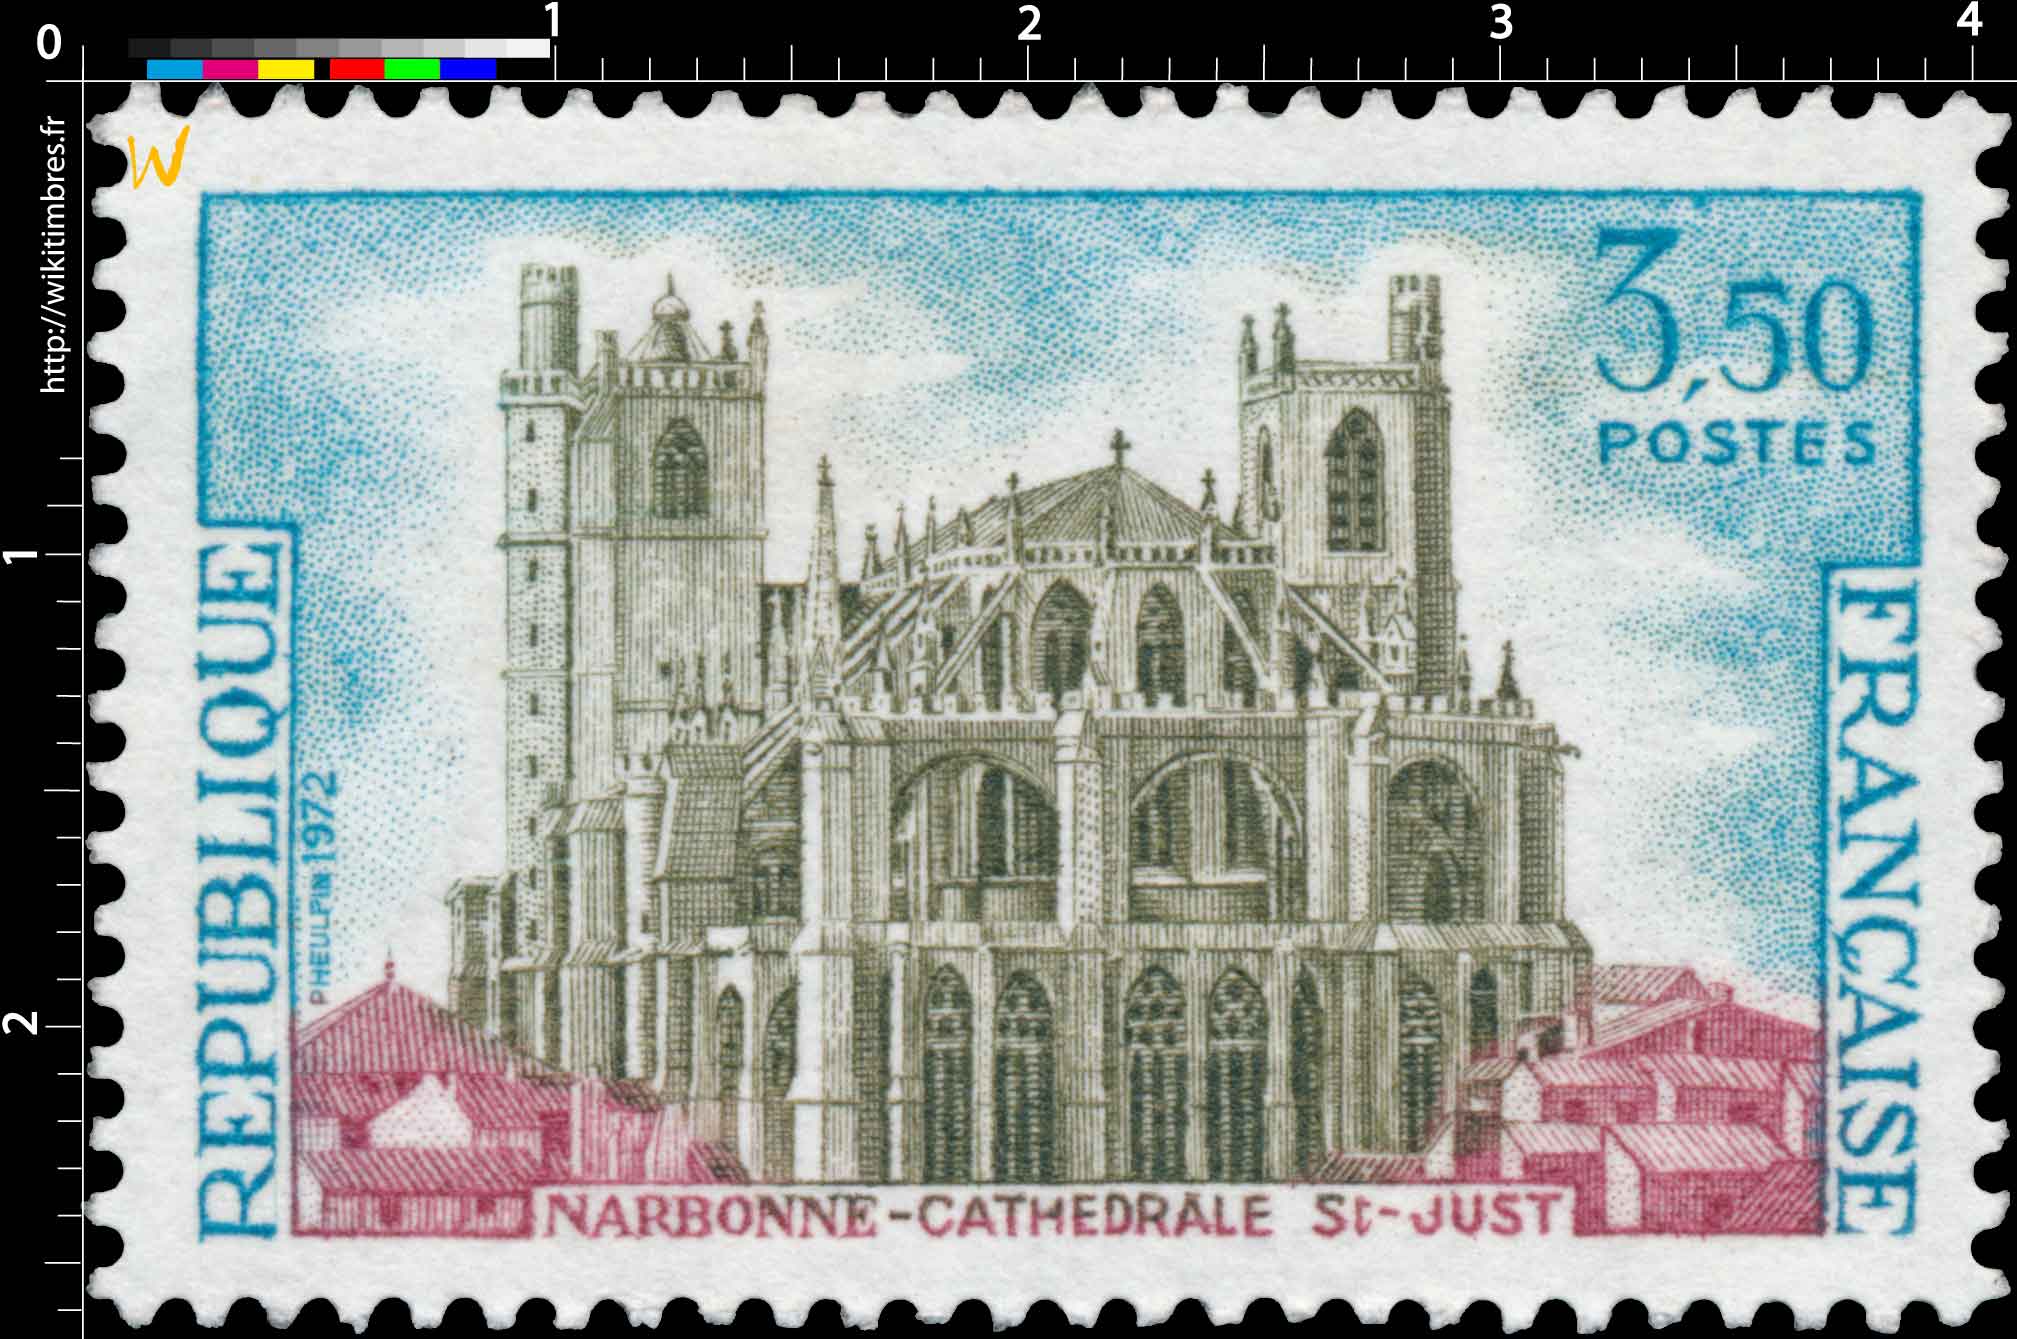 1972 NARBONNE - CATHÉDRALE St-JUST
================================
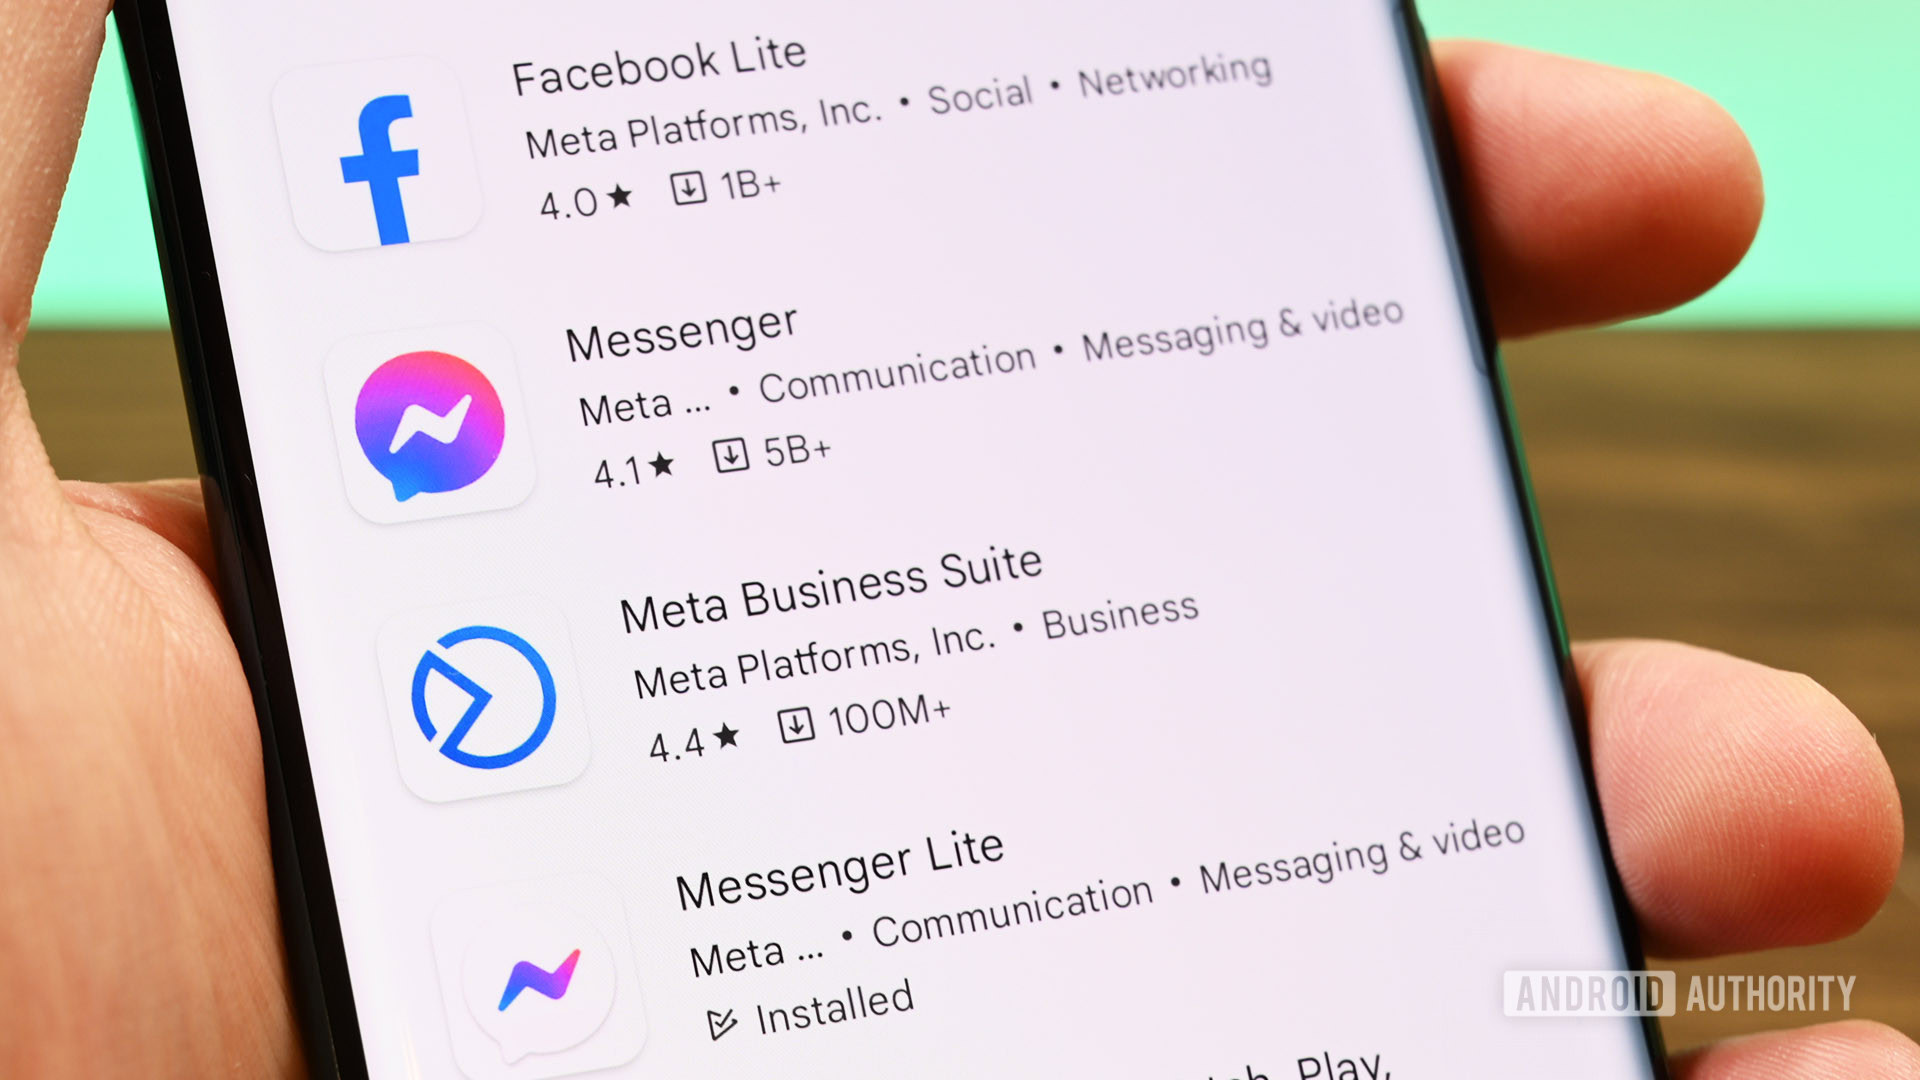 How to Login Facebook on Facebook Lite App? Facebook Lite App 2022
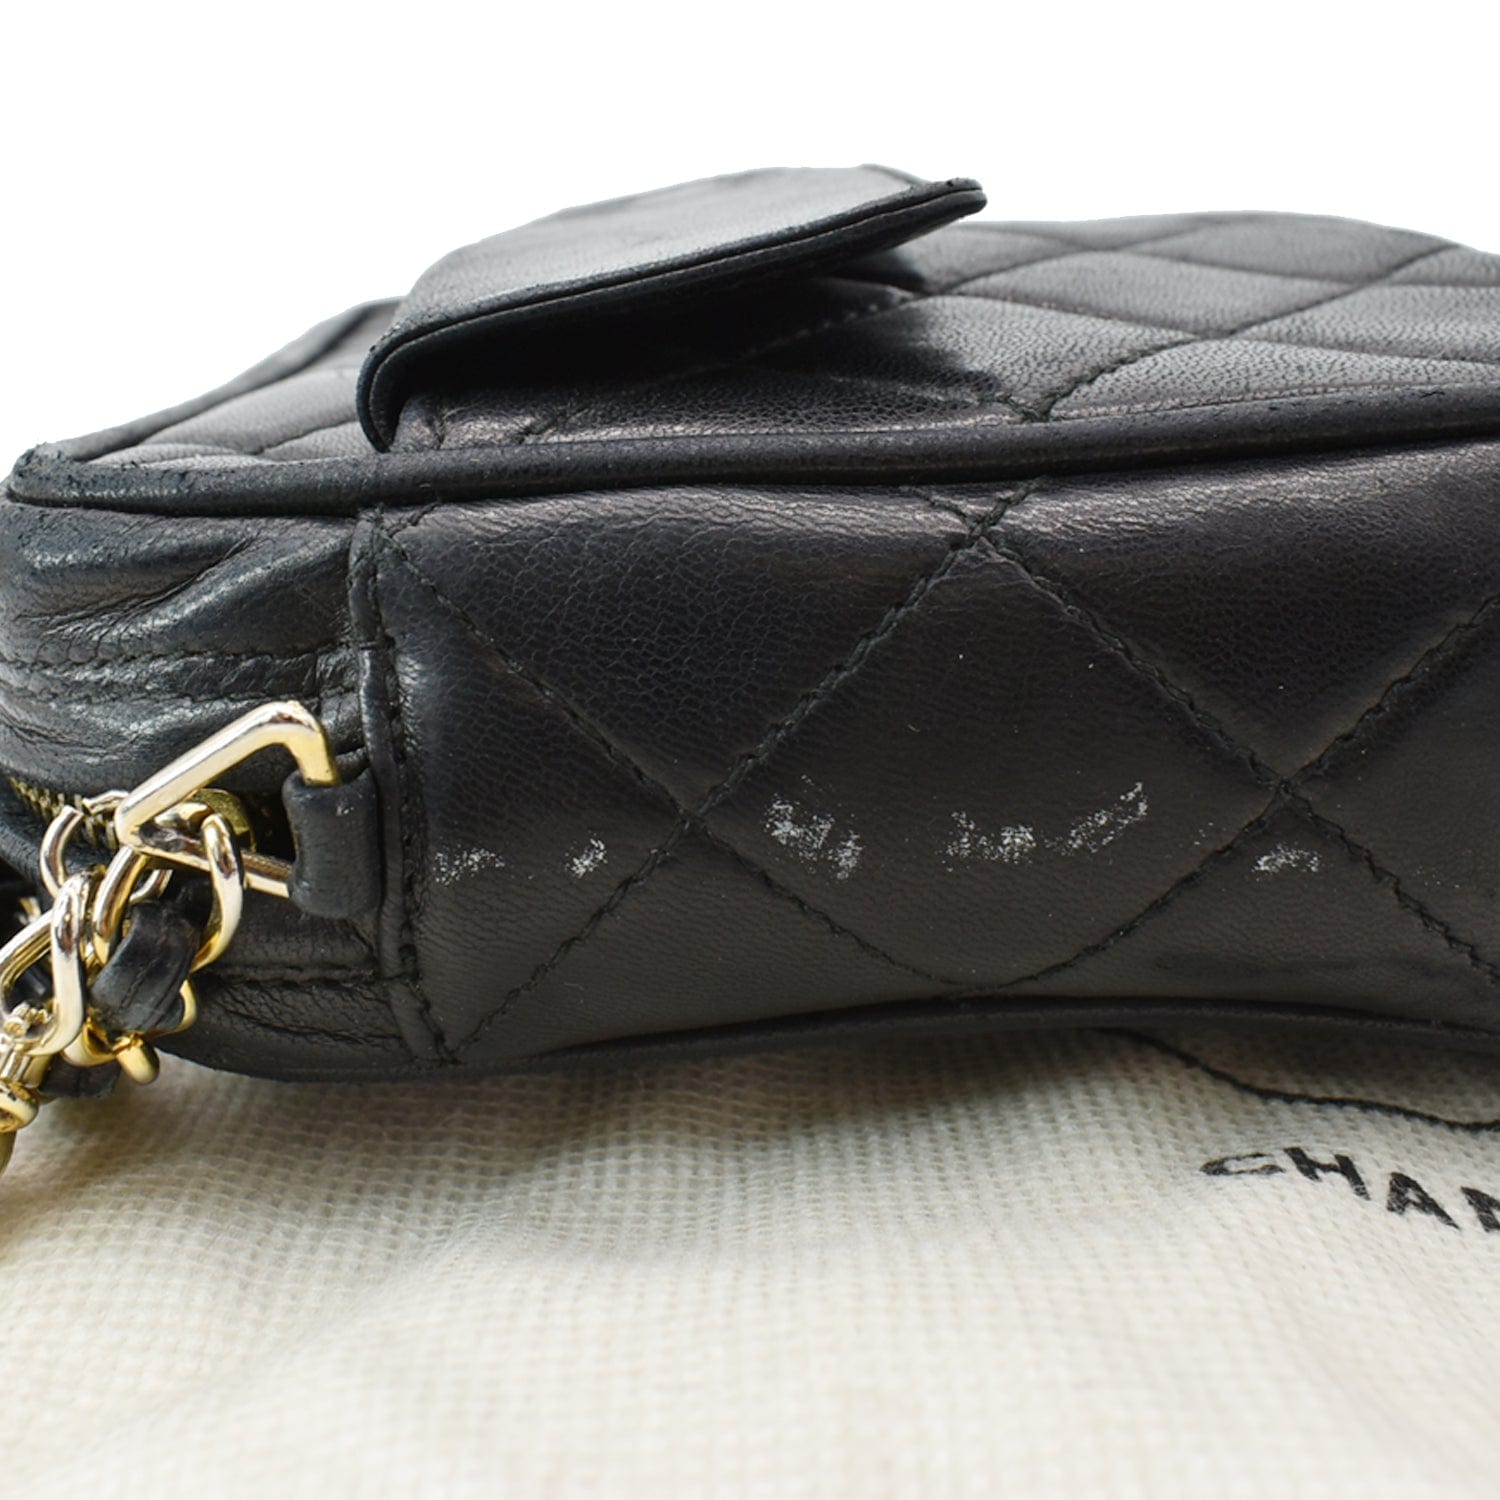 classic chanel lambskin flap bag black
================================
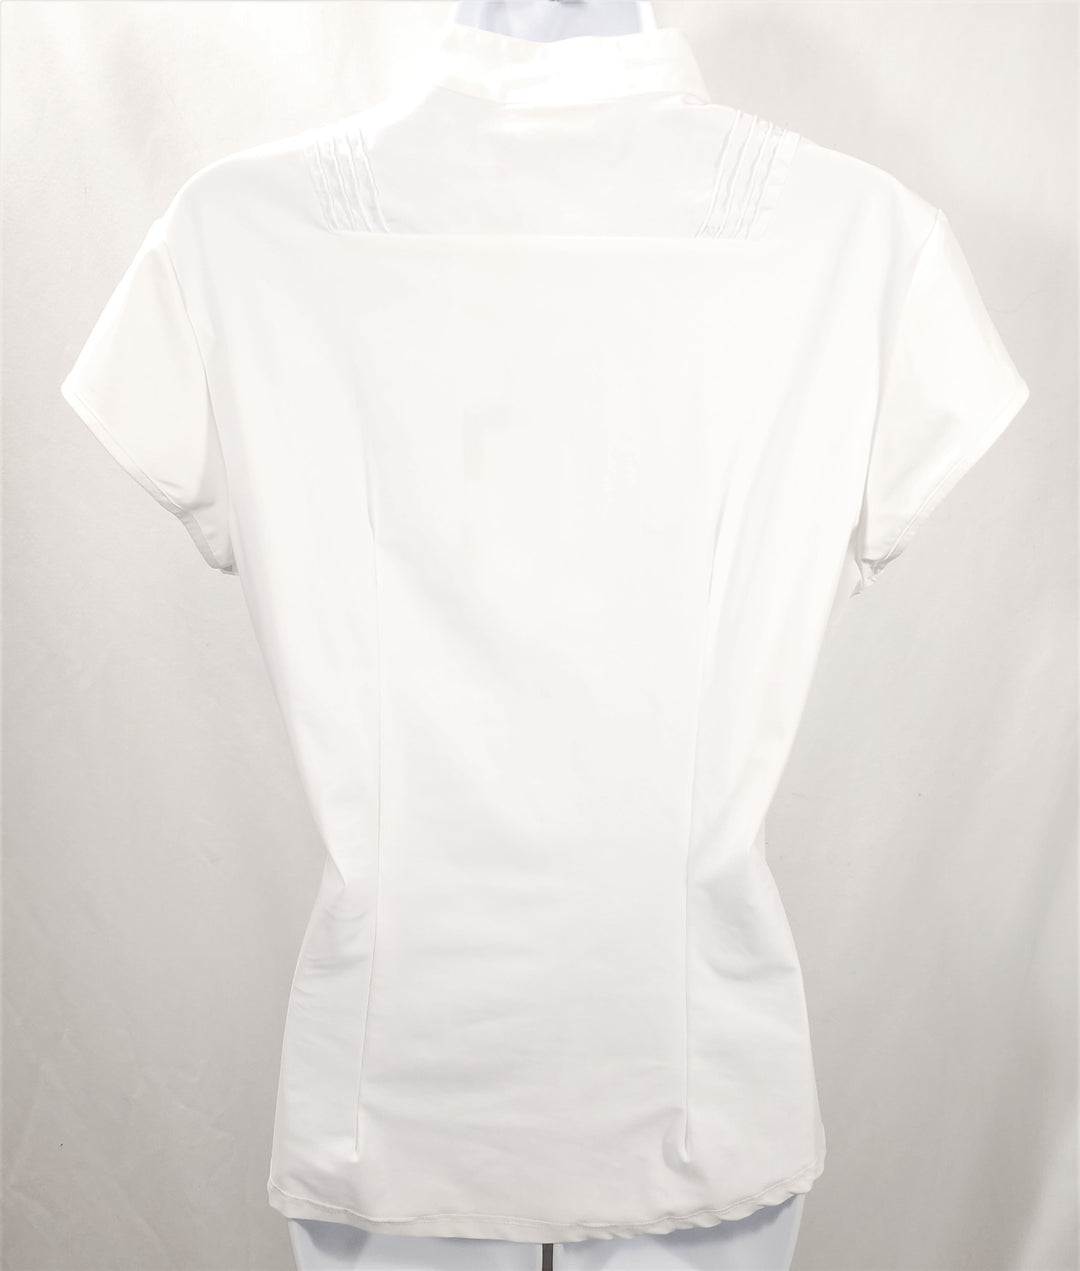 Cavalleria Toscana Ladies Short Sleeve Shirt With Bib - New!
================================
**Requirement:**
With the pictures left out, write out exactly the lines above from the one containing "How to Login" through the one containing "classic chanel lambskin flap bag black".

**Exercise output:**
 How to Login Facebook on Facebook Lite App? Facebook Lite App 2022
 classic chanel lambskin flap bag black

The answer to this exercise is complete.